The National Trust for Historic Preservation approached Alpine Painting and asked if we could lend a hand in overseeing this community event. The event was marketed to local residents and the Paterson School system as "Save Hinchcliff Stadium by Painting Paterson's Field of Dreams". Alpine embraced this opportunity and pledged to do whatever we could to ensure this project was successful. Valspar donated 900 gallons of paint and primer and Alpine assisted the group, with the help of Riccardi Brothers Paint Store, to get all the sundries that would be needed to complete a large scale event like this. Alpine came ready to work.

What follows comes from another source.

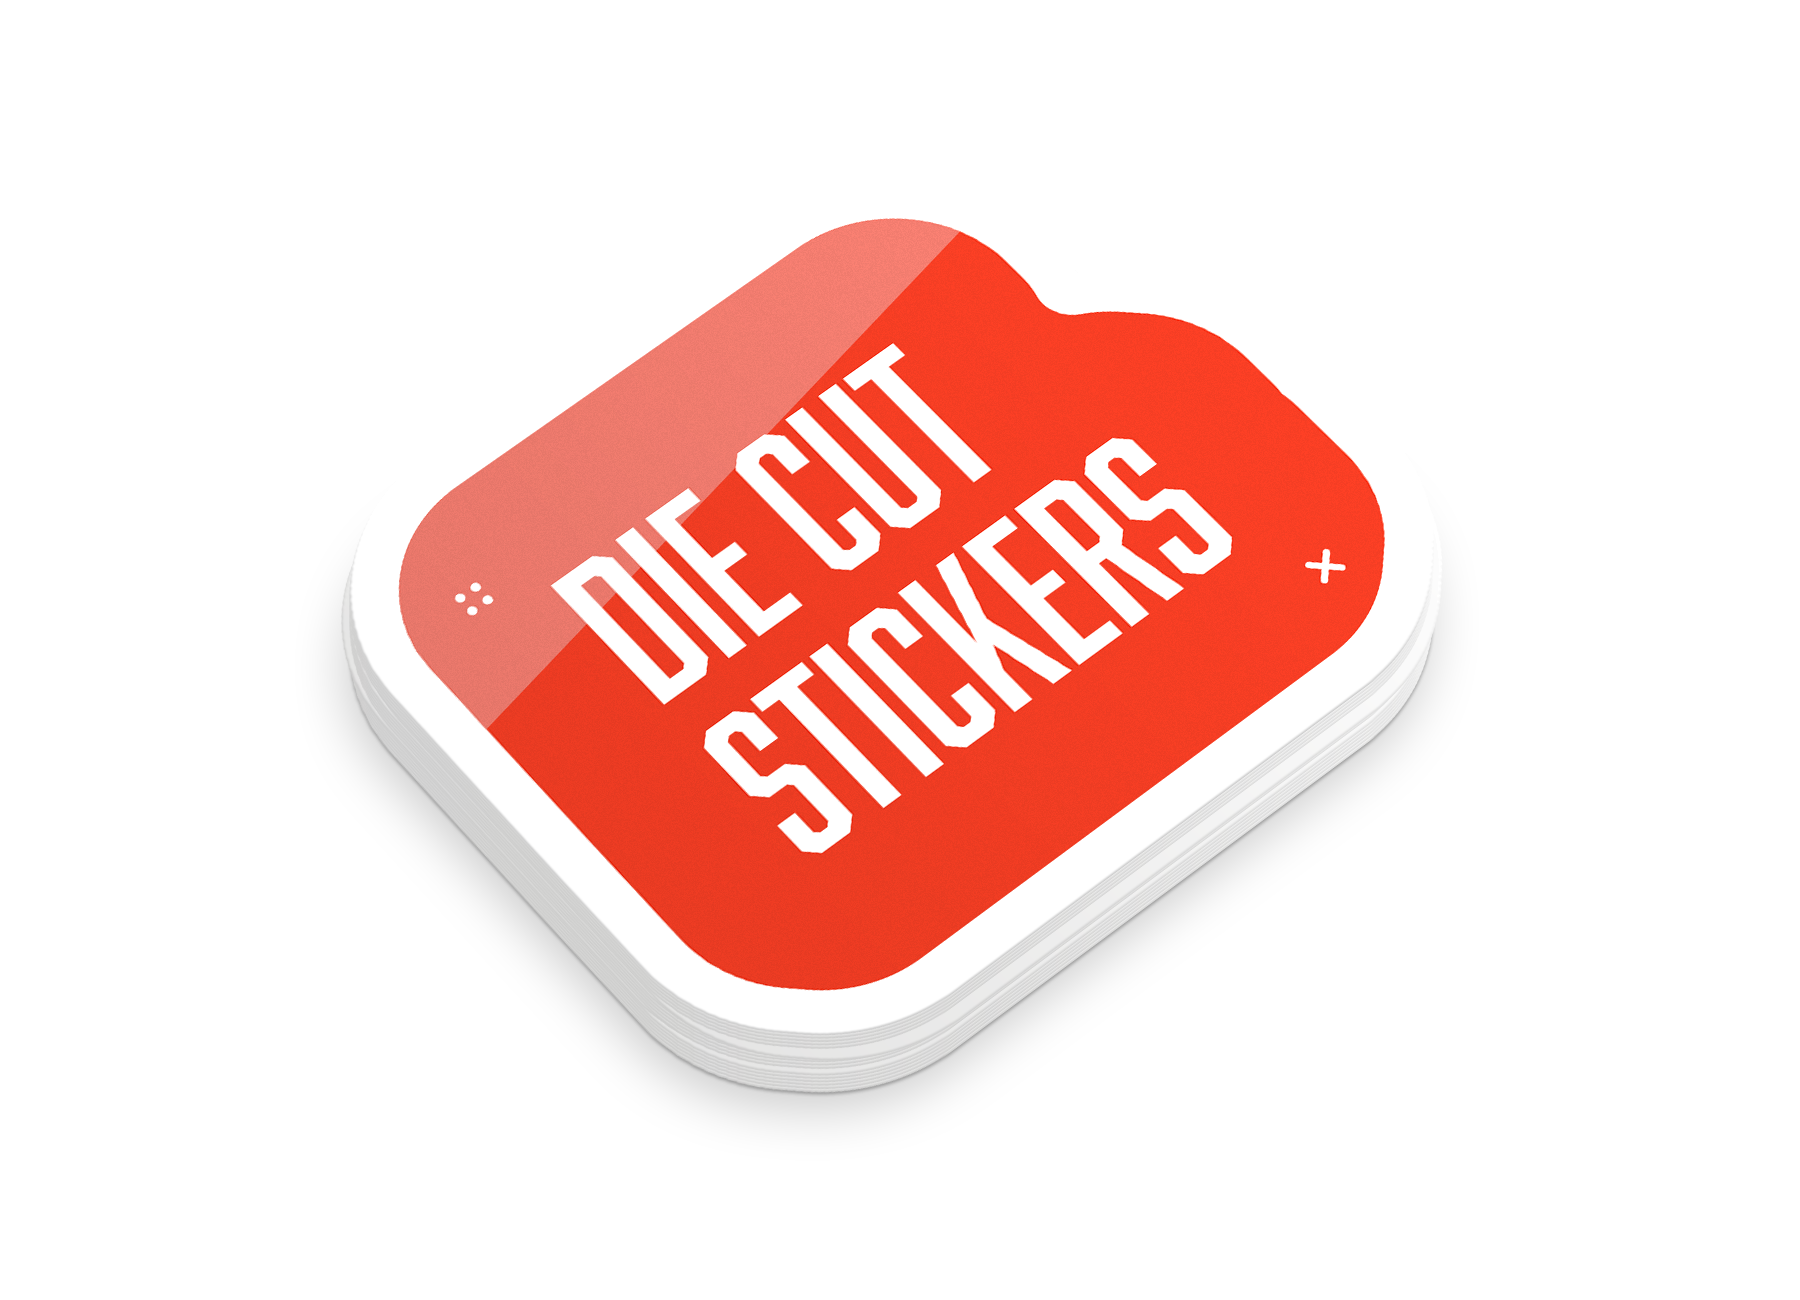 Die-Cut Sticker Printing - Print in Exact Shape and Size

We enlisted 15 crew leaders who agreed to oversee the students on the day of the event.

On April 16th 2014, 800 volunteers, most of which were local high school students, entered the gates of Hinchcliff stadium to embark on the mission to bring this structure back to its old glory. The project would take place in 2 phases, the first phase was to prime the entire structure with a group of 400 volunteers and the second phase was to paint the entire structure with the remaining 400 volunteers. However, before any work could take place, safety had to be addressed. The stadium itself was mostly structurally sound and had been swept and cleaned up prior to the event, but areas of the stadium were still not safe for student access. Areas in the upper seating area had been deemed unsafe to work in while other areas were deemed to have lead paint present. These areas were clearly marked and were only allowed to be accessed by authorized personnel. Since the goal was to have the entire stadium painted, Alpine sent its own lead trained workers to paint the areas with lead paint. Prior to the event starting, all students had a motivational pep talk and safety seminar to go over the game plan of the day's events. Alpine employees setup stations throughout the stadium to provide sundries and tips on how to go about the project.

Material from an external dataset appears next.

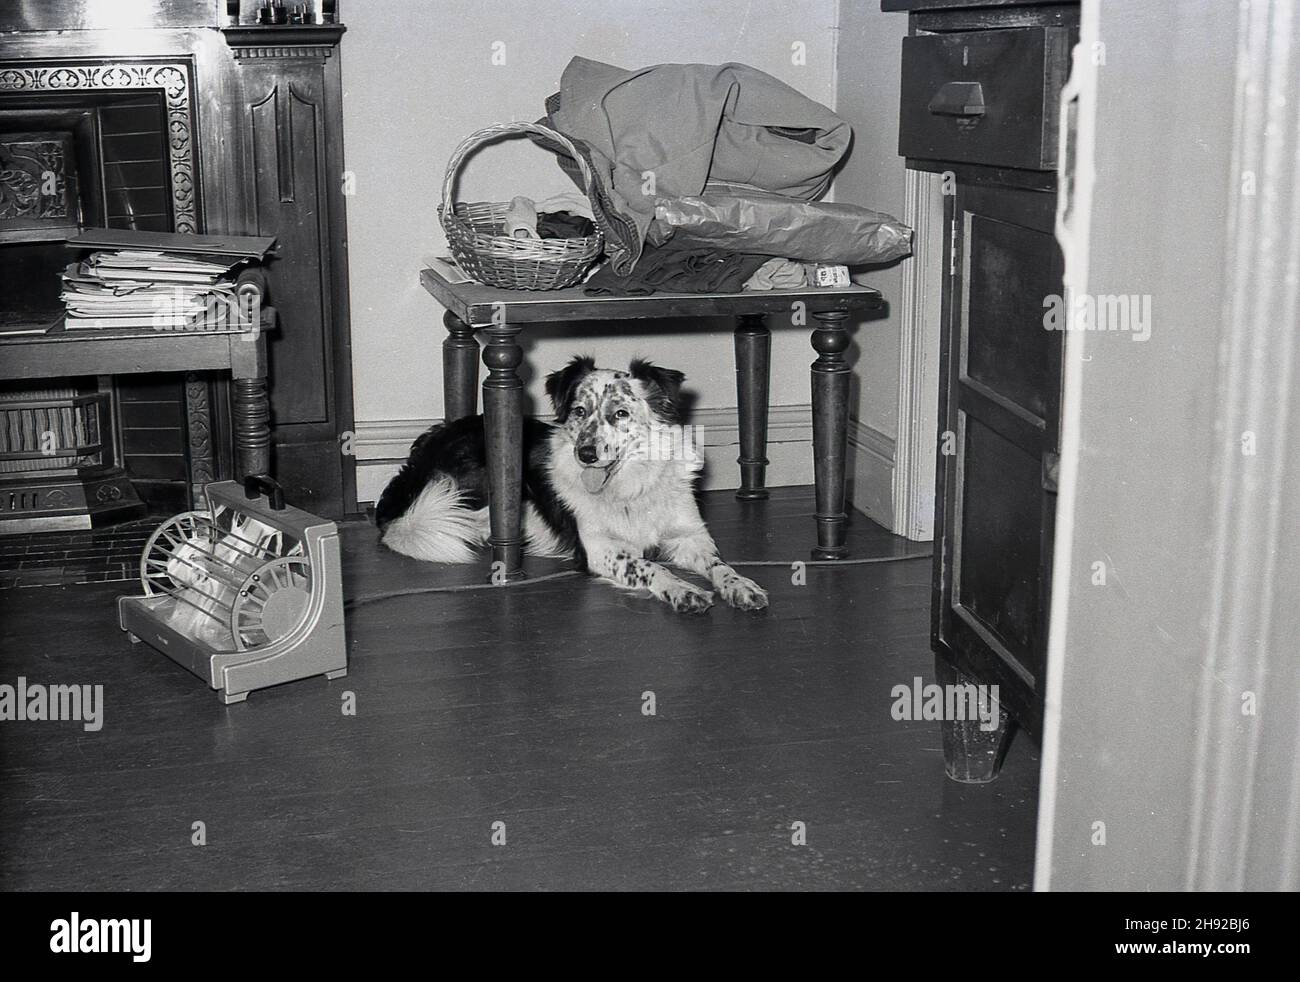 1959, historical, a collie dog lying underneath a small table in a office, with its fore legs over the cable of a small electric bar heater, London, England, UK. These small space heaters with one or two electric bars were a common site in offices and workplaces in this era as they were portable and could be plugged in anywhere. Stock Photo

Alongside local and state politicians, community activist and residents of Paterson, the National Park Service officially designated Hinchliffe Stadium as a National Historic Landmark. After the ceremony concluded the students were sent to go paint. Hundreds of excited and energetic people sprinted over to the work stations where Alpine employees handed out brushes and rollers with buckets of paint. The students then jumped into action and got to work. Within 30 minutes, almost all of the graffiti on this inside of this facility was under a coat of primer. Volunteers applied the remaining prime coat over the course of the next hour and this piece of history was beginning to show its true colors once again.

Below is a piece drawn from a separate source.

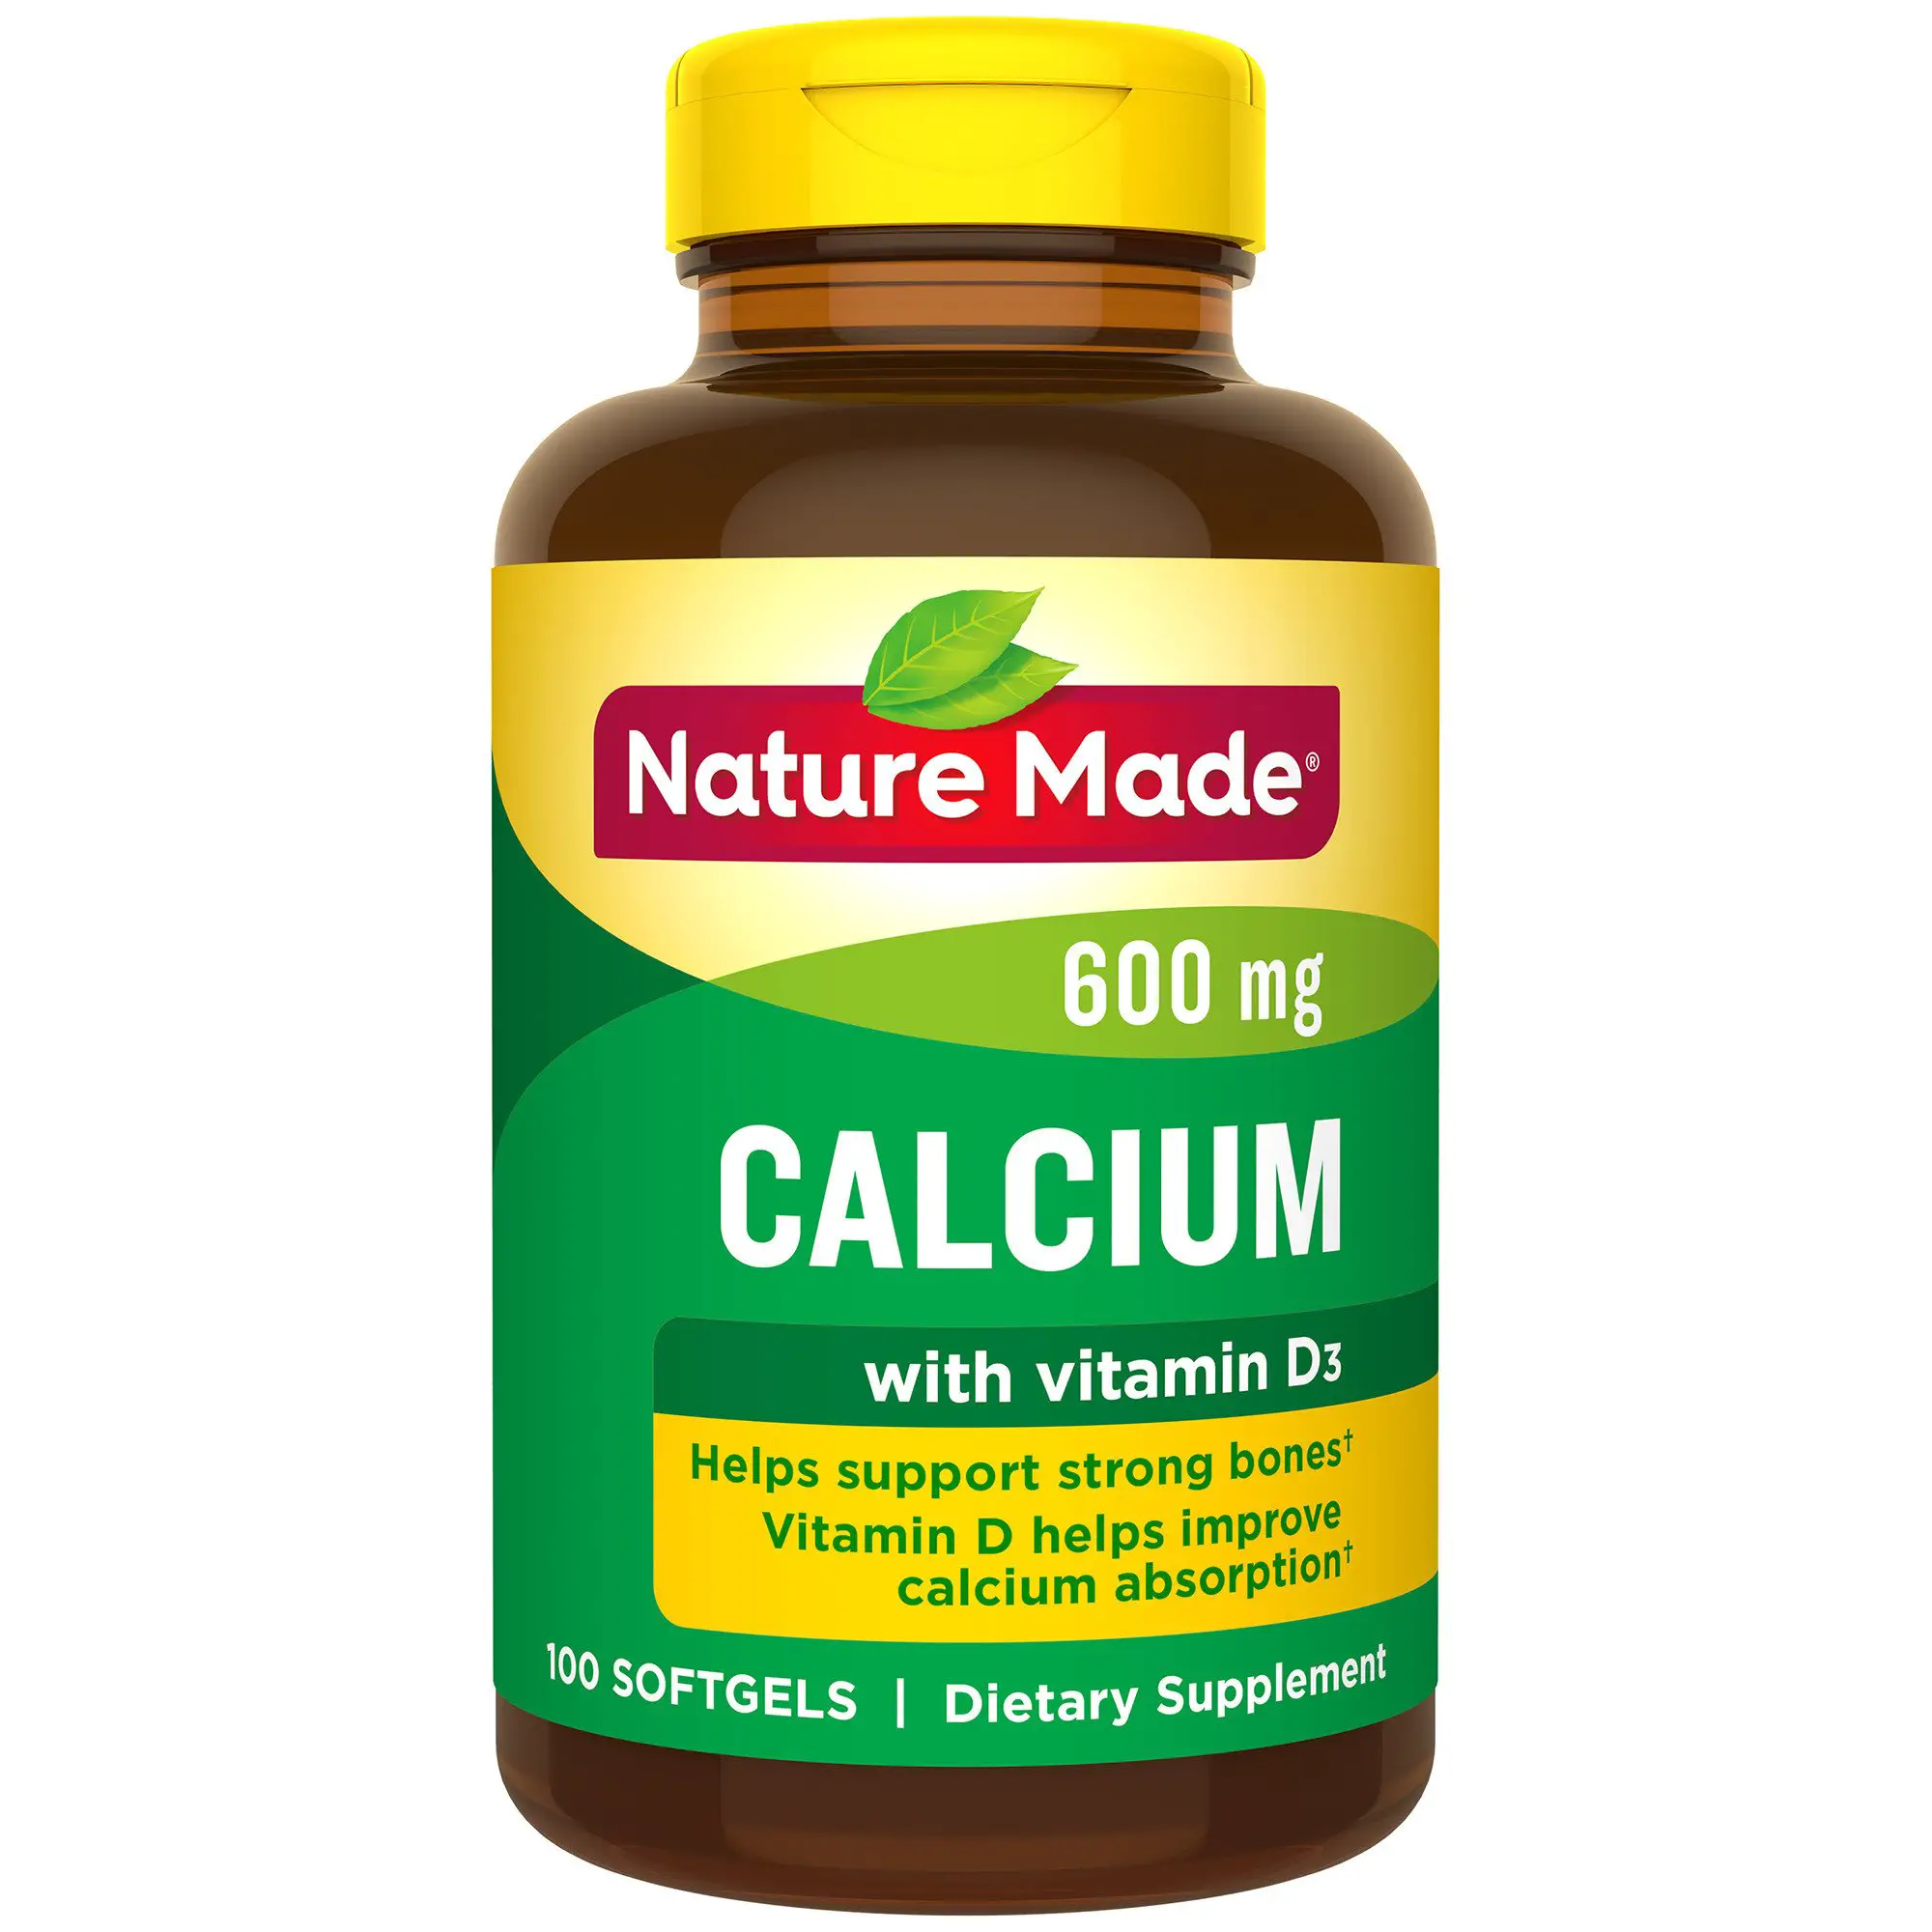 Nature Made Calcium 600 mg Softgels with Vitamin D, 100 ...

Phase 2 of this project was identical to phase 1 but with a new group of students. After the students broke for lunch, 400 more eager volunteers picked up brushes and rollers and started painting once again. The students spent the next 3 hours applying as much paint as they possibly could to the walls of the stadium. Within 6 hours, this graffiti covered stadium, on the verge of demolition, got a new facelift from its own local residents. Since this event, the organization Friends of Hinchcliff Stadium has received 1.2 million in donations and is looking to raise another 24 million for a total restoration. U.S. Rep. Bill Pascrell Jr. has introduced legislation to get Hinchcliff Stadium into the footprint of the park to make it eligible for more funding. The Hinchcliff Stadium will now be able to thrive for many years into the future thanks to the efforts of many volunteer organizations.

The historic preservation commission of Paterson awarded Alpine Painting as the sole recipient of the Good Graces Award for outstanding community leadership and stewardship for repainting one of Paterson's most treasured historic places, Hinchliffe Stadium.